Have a preliminary patch, noticed an issue with cosntant folding of casted floats so going to post patch for that first

@goldsteinn I might be wrong, but I think the bitcast method needs to be enabled only if you can guarantee the original integers are between 1 << 23 (smallest normal number) and 0x7f800000. Because if the DAZ bit is set (say due to -ffast-math) then you'll get (int)1 == (int)2, since you're comparing two denormals and they are treated as zero.

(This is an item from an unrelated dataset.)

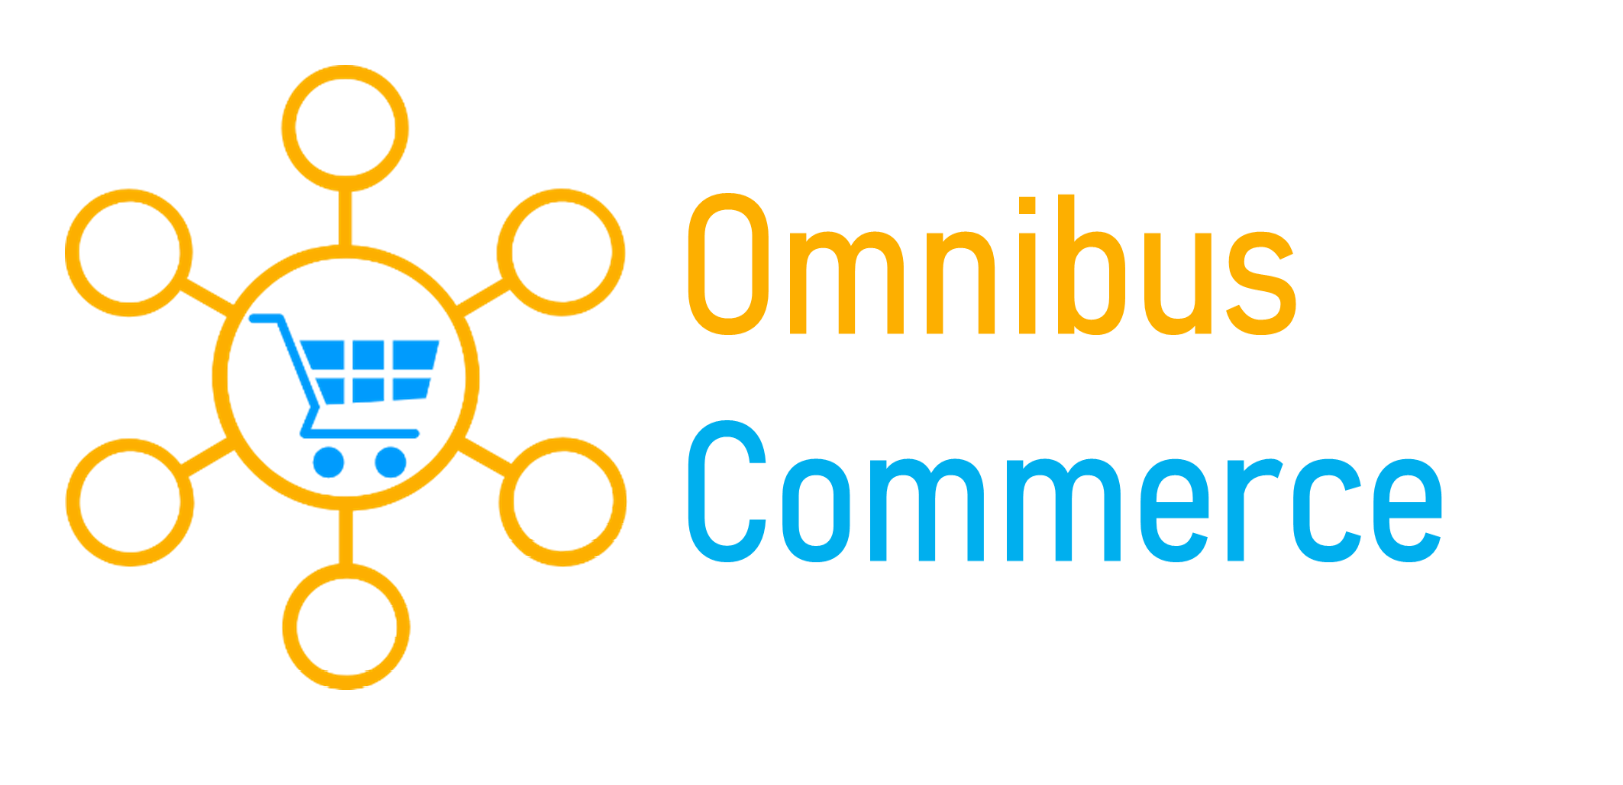 OmnibusCommerce

In the case of checking for inequality, I think you can do this for f32 (intel syntax):

vxorps ymm0, a, b ; a 32-bit word is zero iff the elements are bitwise equal
vcvtdq2ps ymm1, ymm0 ; treat as int and convert to float
vcmpps ymm0, ymm1, zero, _CMP_EQ_OQ ; will only equal zero if the original elements are bitwise equal

No denormals there. I don't think you can do anything similar with f64 though.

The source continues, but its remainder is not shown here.